Problem requirements: Restate the whole listing below word for word and keep the images out.

Raw data:
________________________________________
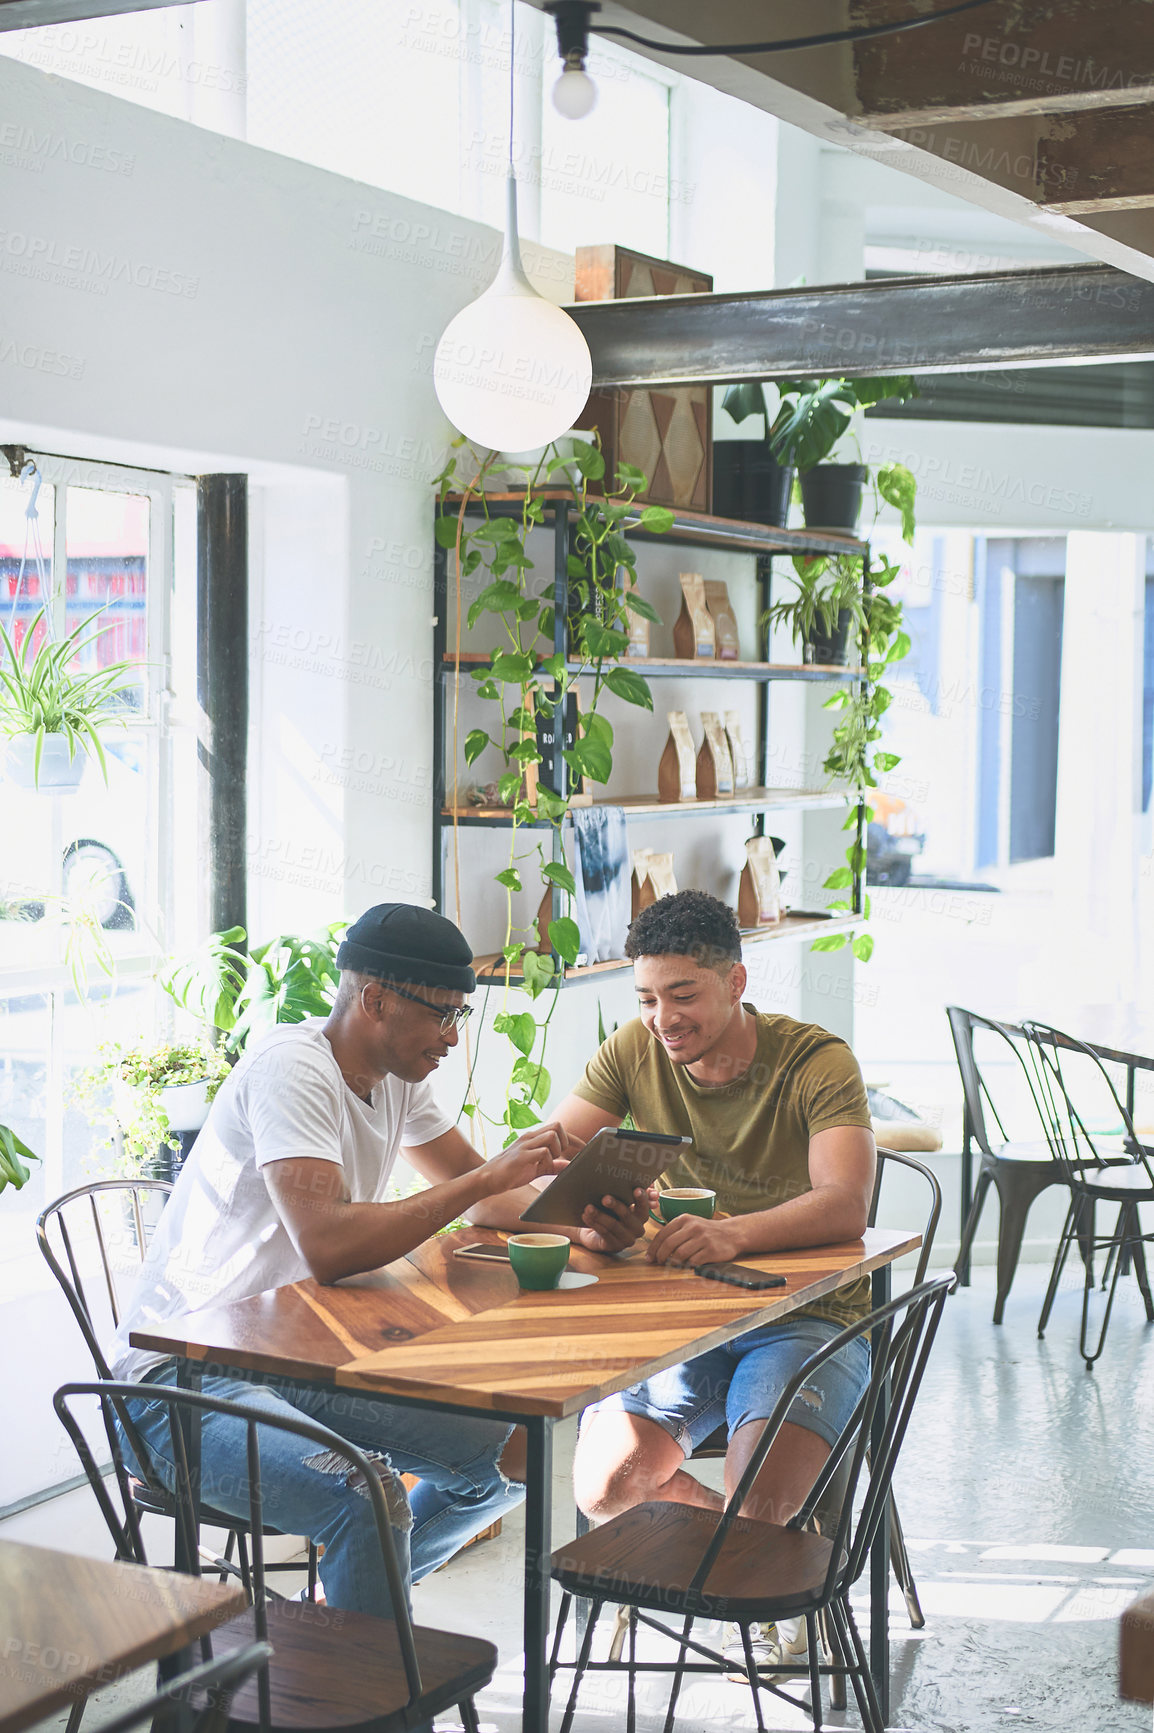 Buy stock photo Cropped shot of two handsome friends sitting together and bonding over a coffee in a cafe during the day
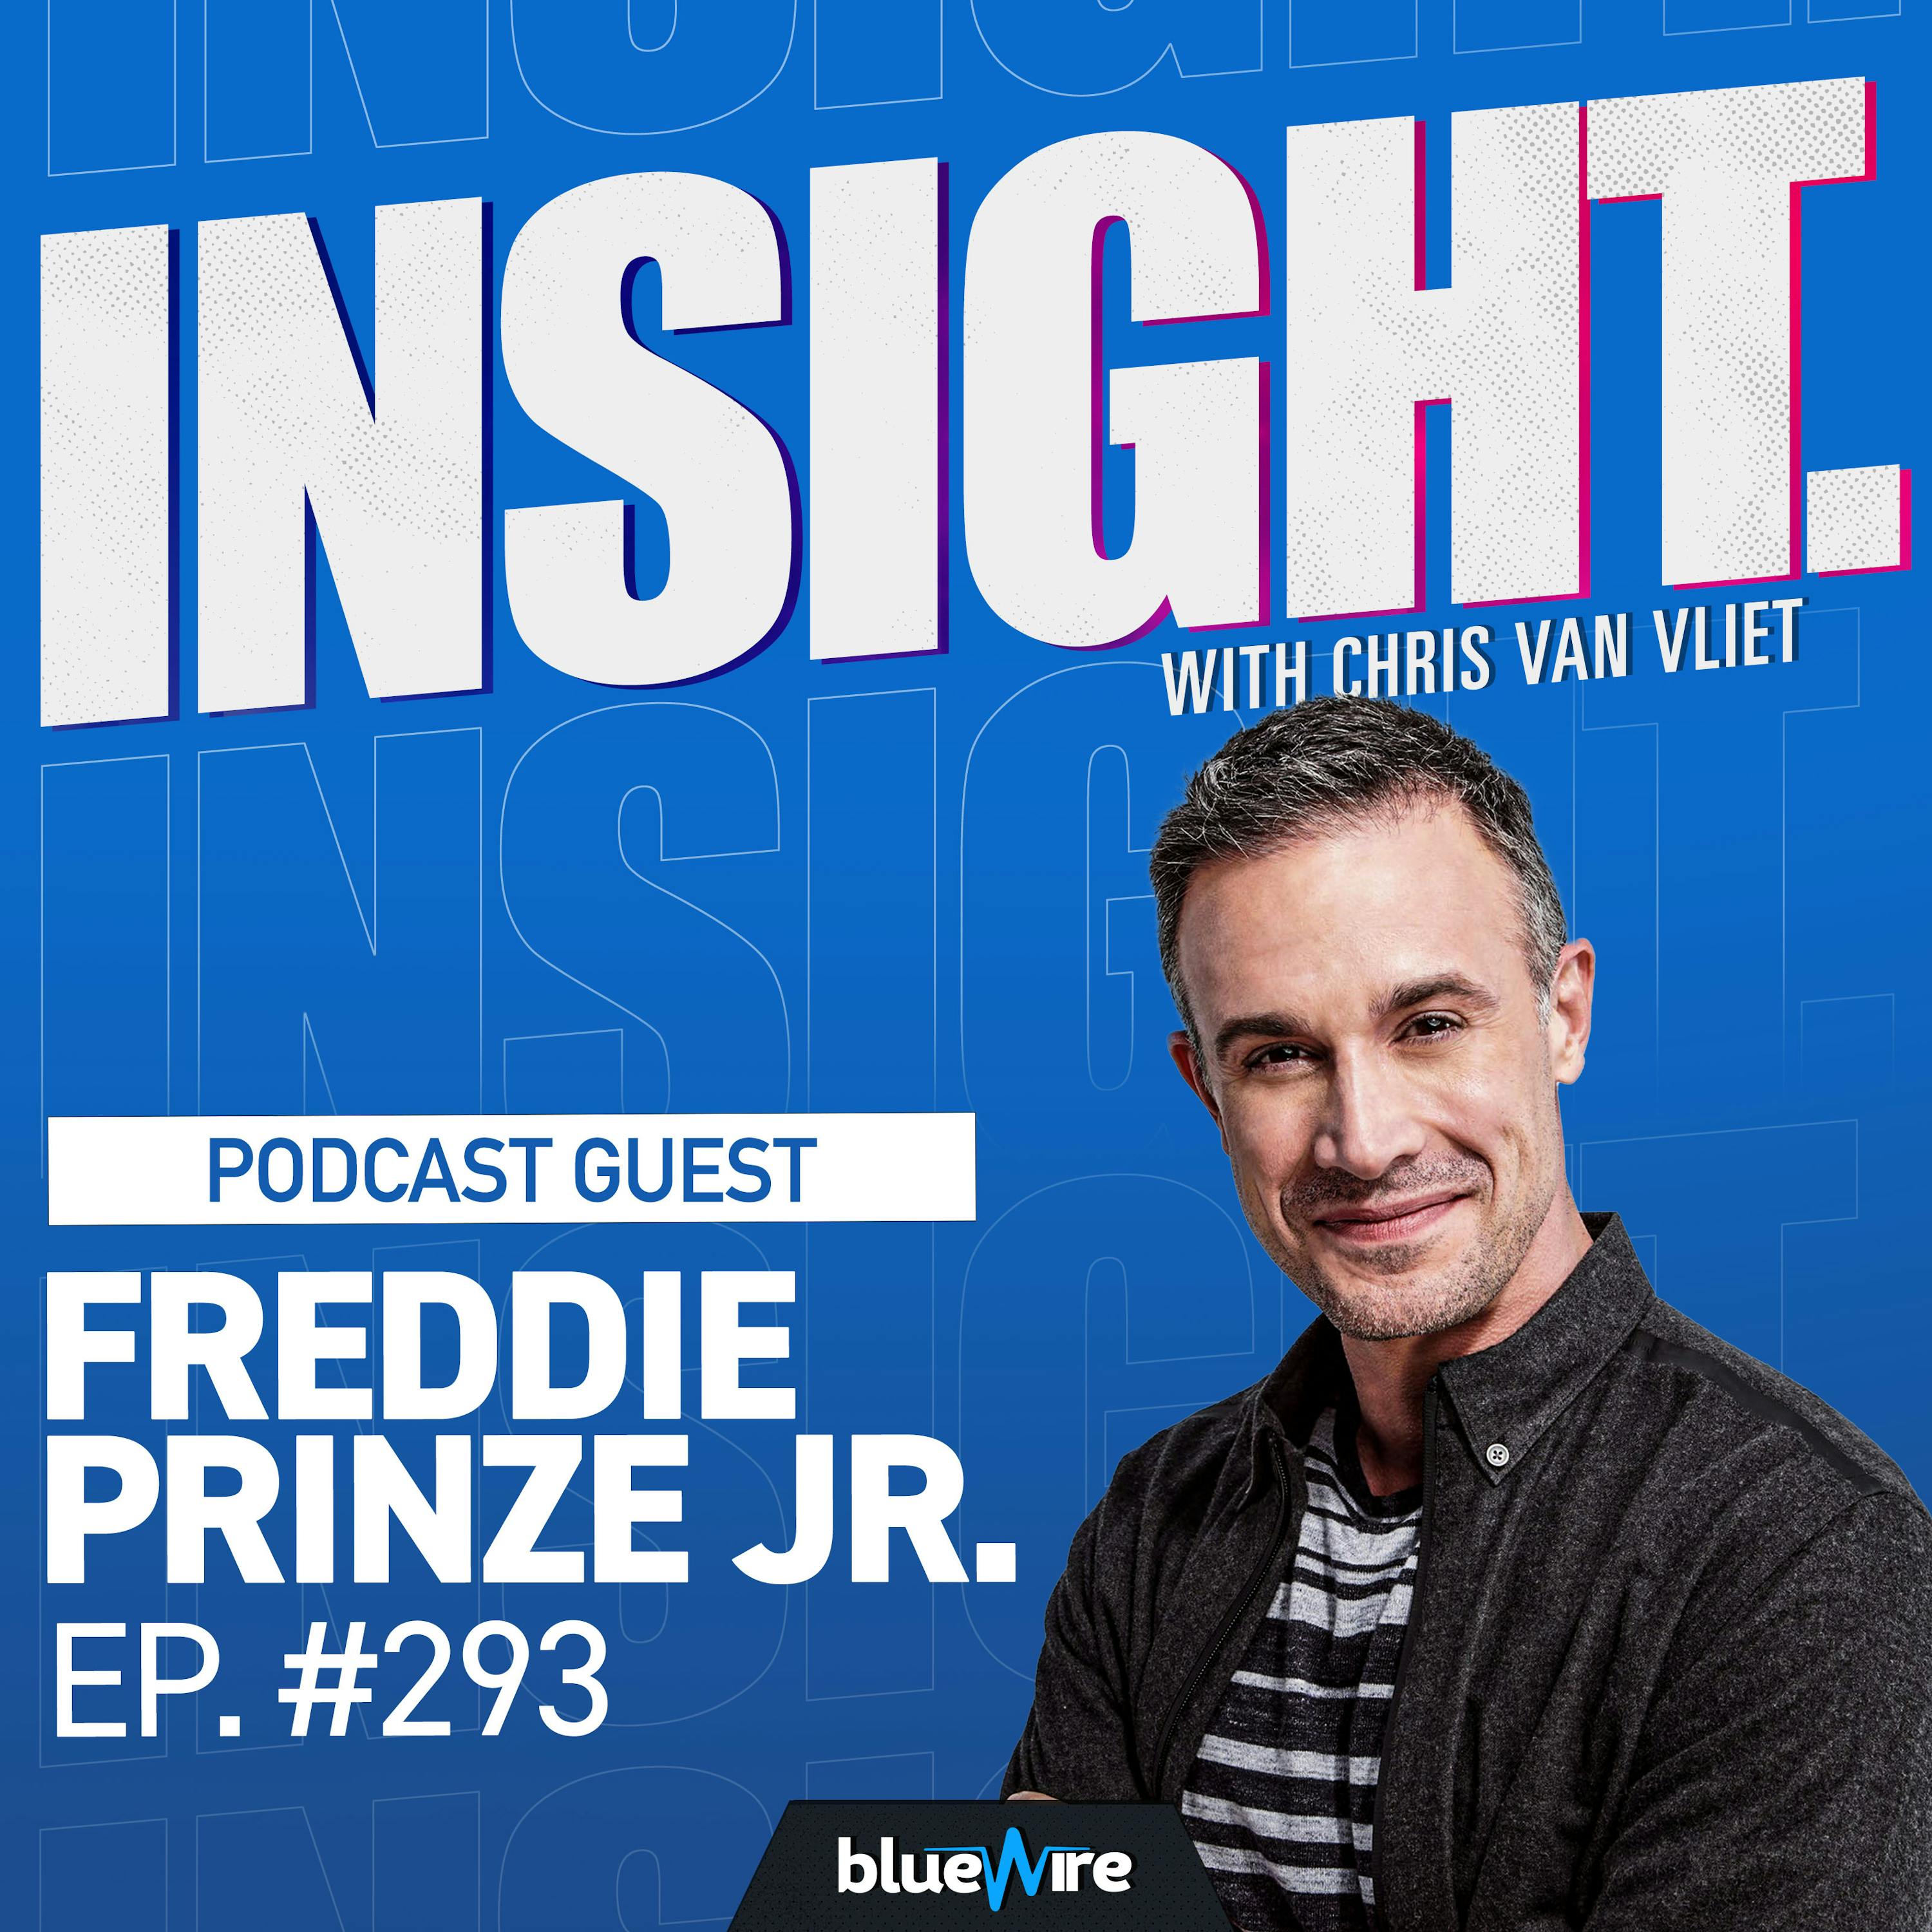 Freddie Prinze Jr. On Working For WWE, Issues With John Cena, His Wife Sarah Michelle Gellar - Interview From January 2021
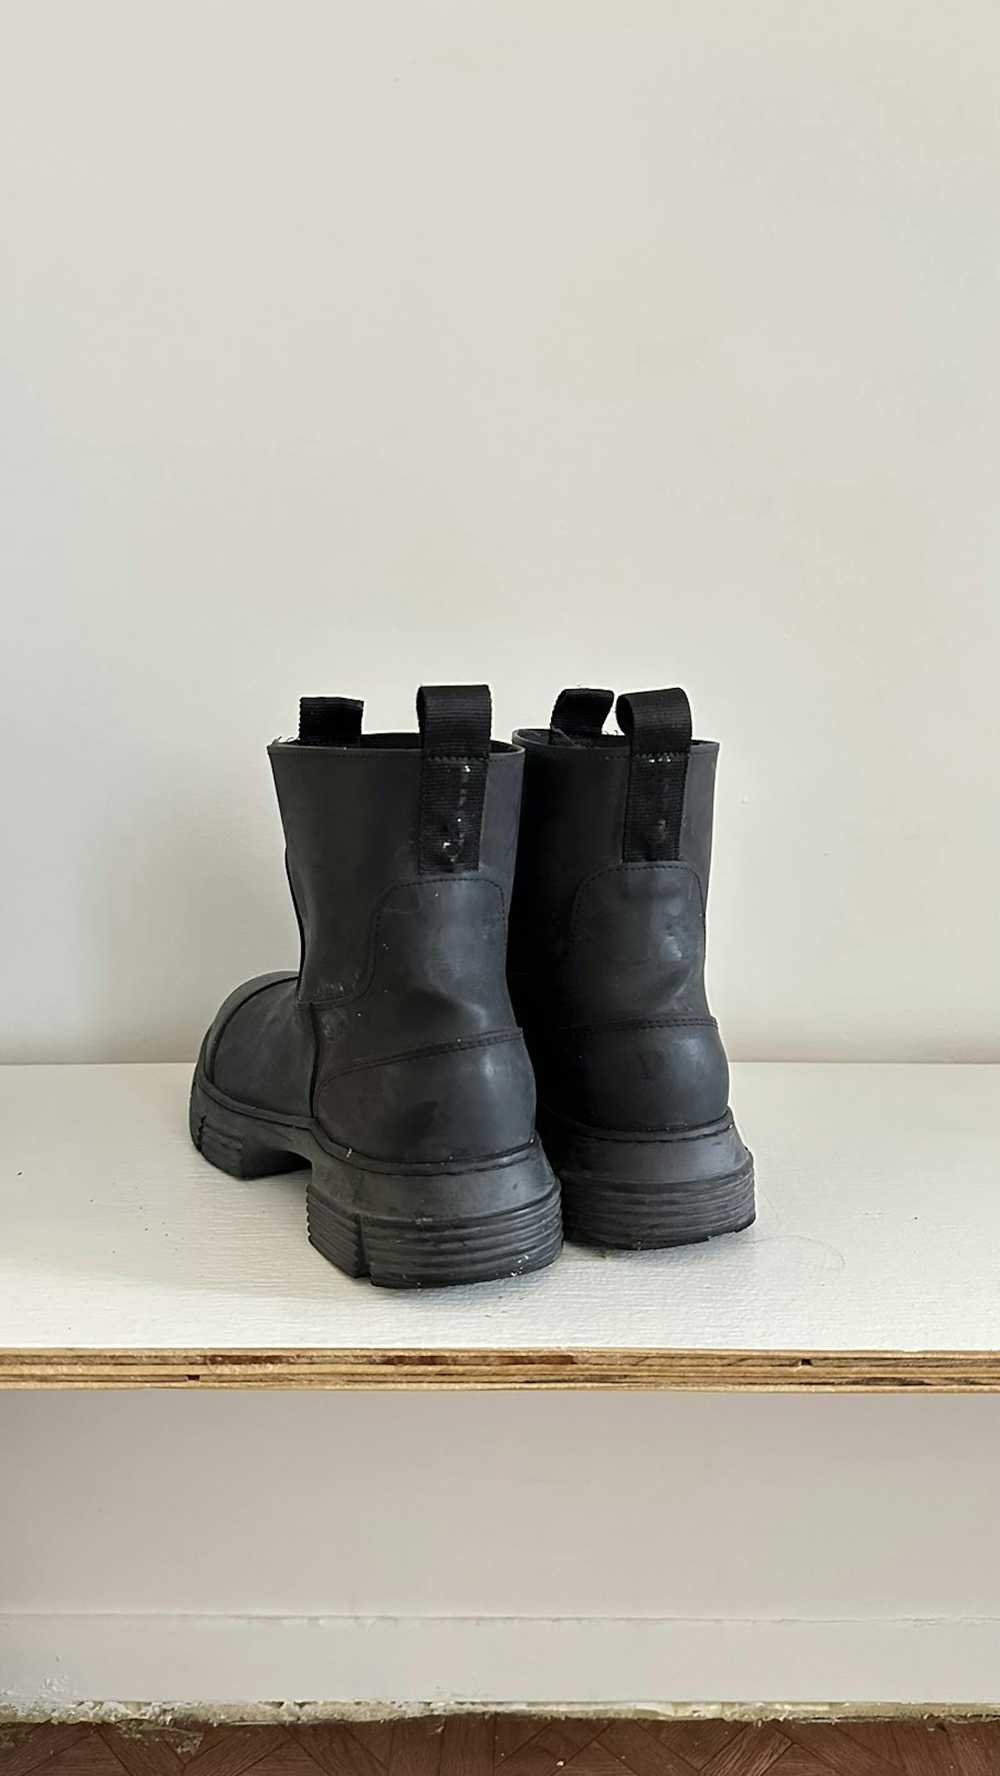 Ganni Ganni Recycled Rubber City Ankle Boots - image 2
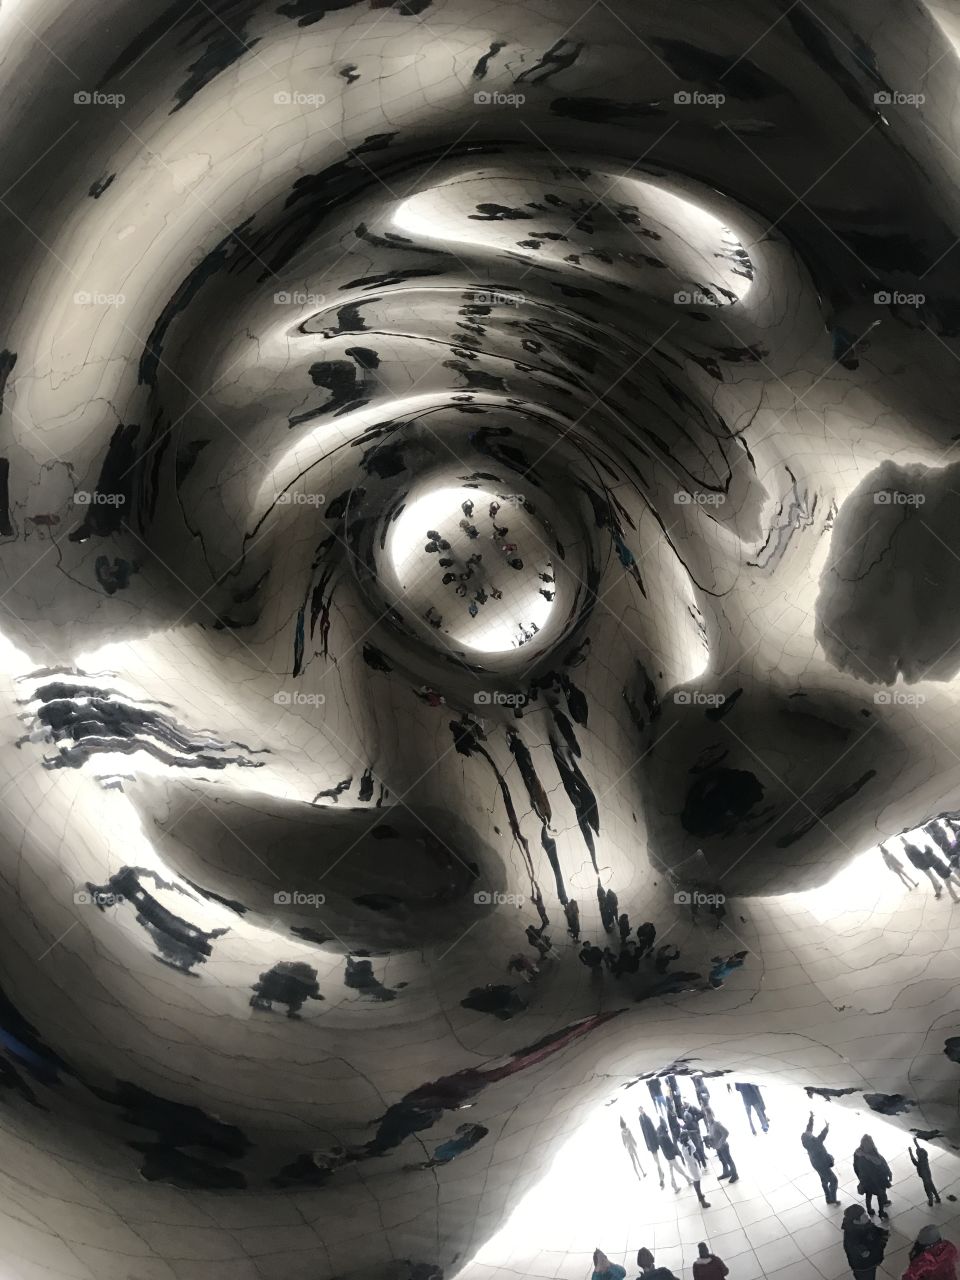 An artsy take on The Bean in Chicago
________________________________________
Response to the task:
 Buy stock photo Cropped shot of two handsome friends sitting together and bonding over a coffee in a cafe during the day
 Freddie Prinze Jr. On Working For WWE, Issues With John Cena, His Wife Sarah Michelle Gellar - Interview From January 2021
 Ganni Ganni Recycled Rubber City Ankle Boots - image 2
 An artsy take on The Bean in Chicago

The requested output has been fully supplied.